Obtain the ID of the failed cell.
# sudo -i -u postgres repmgr cluster show
Un-register the failed cell from the Repmgr Cluster.
# sudo -i -u postgres repmgr standby unregister -f /opt/vmware/vpostgres/current/etc/repmgr.conf --node-id=xxxxx
Delete the Postgres Database from the Failed Standby Cell.
Stop the vCD Services.
# service vmware-vcd stop
Stop the Postgres Service.
# systemctl stop vpostgres.service
Delete the Postgres Database from the failed standby cell.
# rm -rf /var/vmware/vpostgres/current/pgdata
Copy the Primary Cell Database to the Standby Cell.

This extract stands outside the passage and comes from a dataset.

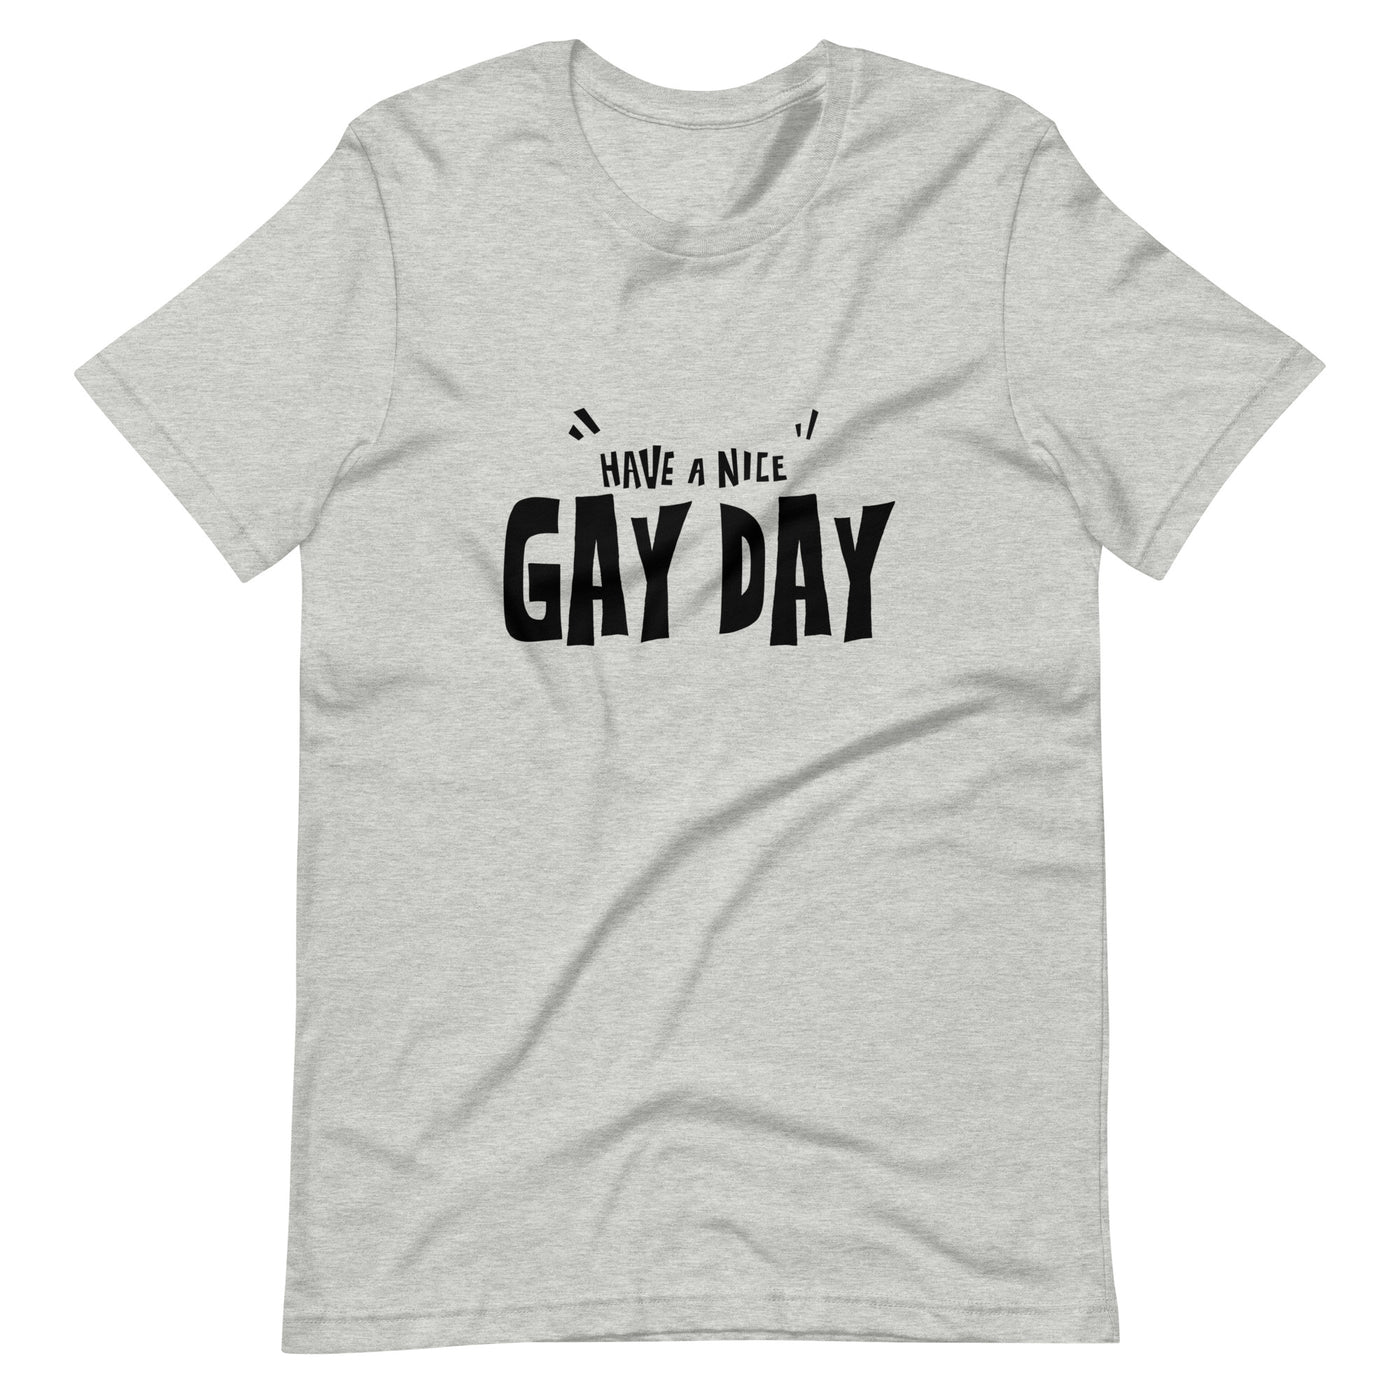 Pride Clothes - Live Out Loud Have a Nice Gay Day Pride Things TShirt - Athletic Heather

# sudo -i -u postgres repmgr -h <primary_database_ip> -U repmgr -d repmgr -f /opt/vmware/vpostgres/current/etc/repmgr.conf standby clone
Start Postgres Service.
# systemctl start vpostgres.service
Register the Standby Cell with the Repmgr Cluster.
# sudo -i -u postgres repmgr -h <primary_database_ip> -U repmgr -d repmgr -f /opt/vmware/vpostgres/current/etc/repmgr.conf standby register --force
Verify the Standby Cell is registered to the Repmgr Cluster Successfully and you no longer see the error message or replication lag with the Standby Cell.
# sudo -i -u postgres repmgr cluster show
Start the vCD Services.
# service vmware-vcd start